Gaussbock is a general-purpose tool for parameter estimation with computationally expensive likelihood calculations, developed for high-dimensional cosmological parameter estimation for contemporary missions like the Dark Energy Survey (DES), and with upcoming surveys like the Large Synoptic Sky Telescope (LSST) and ESA's Euclid mission in mind. Current efforts in cosmological parameter estimation often suffer from both the computational costs of approximating distributions in high-dimensional parameter spaces and the wide-spread need for model tuning. Specifically, calculating the likelihoods of parameter proposals through anisotropic simulations of the universe imposes high computational costs, which leads to excessive time requirements per experiment in an era of cheap parallel computing resources.

Making use of parallelization and an iterative approach to Bayesian nonparametrics, the provided method starts with a set of data points from a rough distribution guess for the true posterior. In order to obtain such a sample, the code either uses an affine-invariant MCMC ensemble as intoduced by Goodman and Weare (2004) via emcee or an initial set of data points provided by the user. After that, a variational Bayesian non-parametric Gaussian mixture model (GMM), which makes use of an infinite Dirichlet process mixtures approximated with a stick-breaking representation (see Blei and Jordan, 2006), is fitted to the data points and aconsistent number of data points is sampled from the model.

These data points are then re-sampled via probabilities derived from truncated importance sampling, an extension of importance sampling less sensitive to proposal distributions to avoid dominating high-posterior samples and introduced by Ionides (2008), for which the computation is spread over the provided cores as an embarrassingly parallel problem. The model fitting and importance sampling steps are then iteratively repeated, shifting towards an ever-narrower fit around the true posterior distribution, and leading to a significant speed-up in comparison to other established cosmological parameter estimation approaches. At the end, Gaussbock returns a user-specified number of samples and, if the user wishes, the importance weights and the final model itself, allowing for the sampling of an unlimited number of data points and to investigate the importance probabilities to ensure a reasonable distribution of the latter.

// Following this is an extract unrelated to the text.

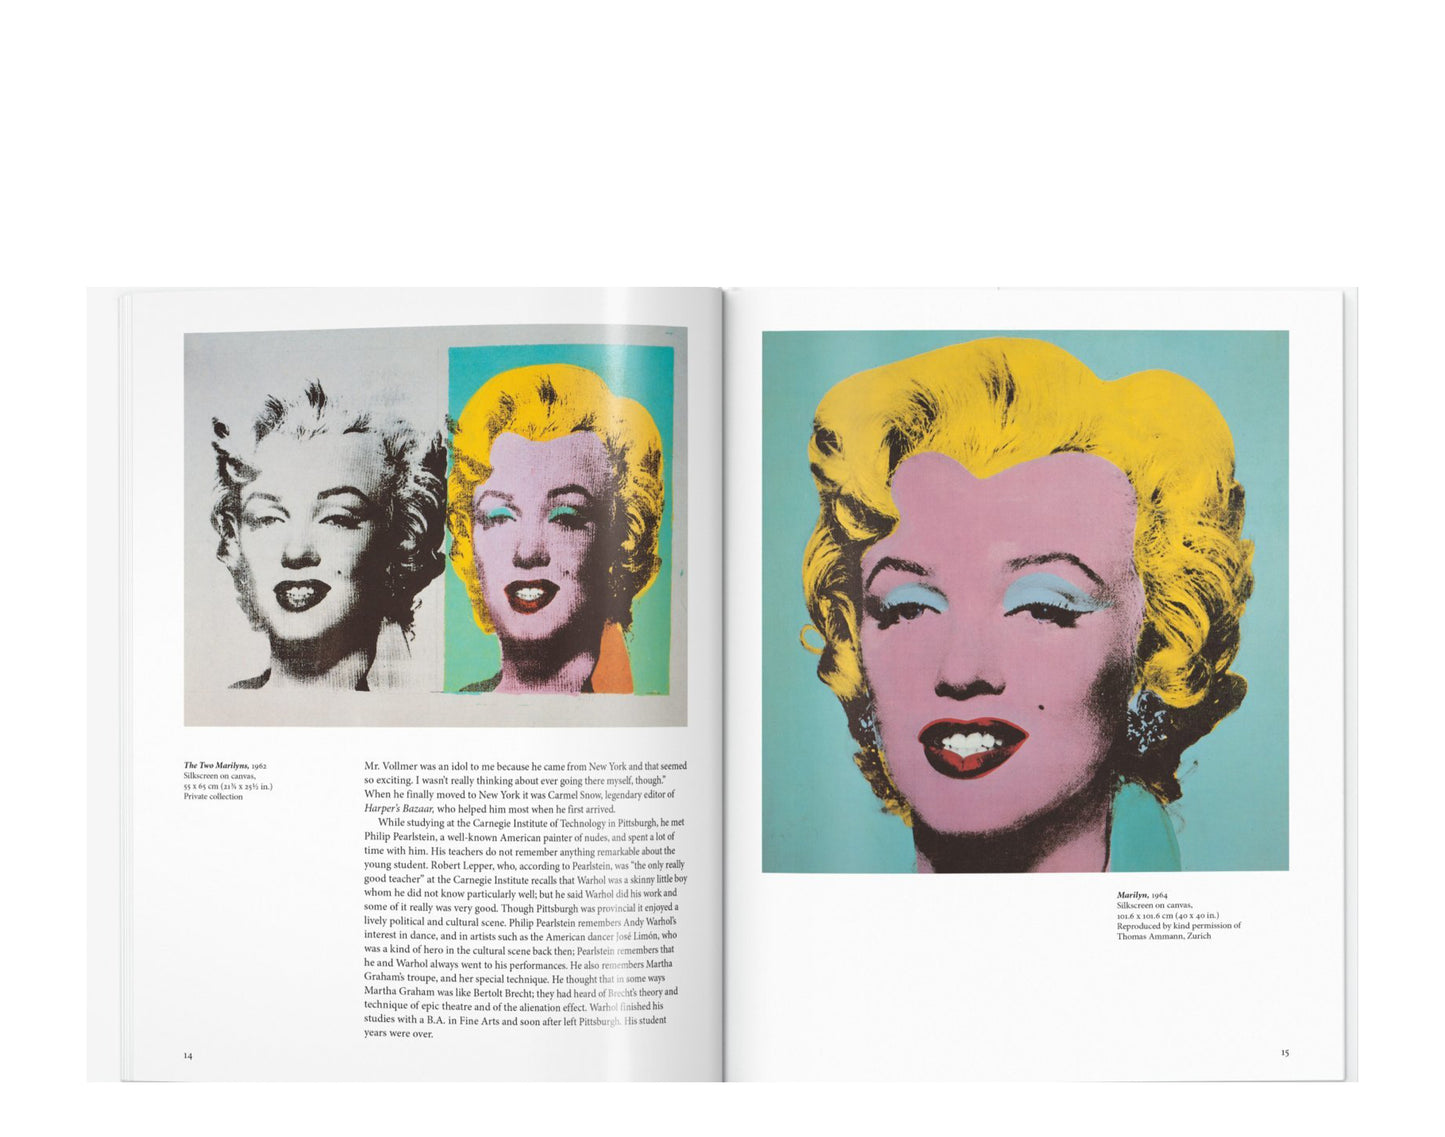 Taschen Books - Warhol Hardcover Book

If you use or adapt Gaussbock, please cite the corresponding paper (arXiv:1905.09800).

Installation

Gaussbock can be installed via PyPI, with a single command in the terminal:

pip install gaussbock

Alternatively, the file gaussbock.py can be downloaded from the folder gaussbock in this repository and used locally by placing the file into the working directory for a given project. An installation via the terminal is, however, highly recommended, as the installation process will check for the package requirements and automatically update or install any missing dependencies, thus sparing the user the effort of troubleshooting and installing them themselves.

Quickstart guide

Only three inputs are required by Gaussbock: The list of parameter ranges, each as a tuple with the lower and upper limit for each parameter (parameter_ranges), the handle for a posterior function that is to be used to evaluate samples (posterior_evaluation), and the required number of posterior samples in the output (output_samples).

Gaussbock offers a variety of optional inputs. An affine-invariate MCMC ensemble to obtain an initial approximation of the posterior can be used, or users provide their own initial sample (initial_samples). This takes the form ['automatic', int, int] for the MCMC ensemble, with the integer referring to the number of walker and steps per walker, respectively, or ['custom', array-like], with the array-like object providing the initial samples in the parameter space. The maximum number of Gaussbock iterations (gaussbock_iterations) can be set, as can the number of samples that are drawn from the current posterior approximation before each truncated importance sampling step (mixture_samples) and the maximum number of expectation-maximization (EM) iterations to fit the variational Bayesian GMM (em_iterations).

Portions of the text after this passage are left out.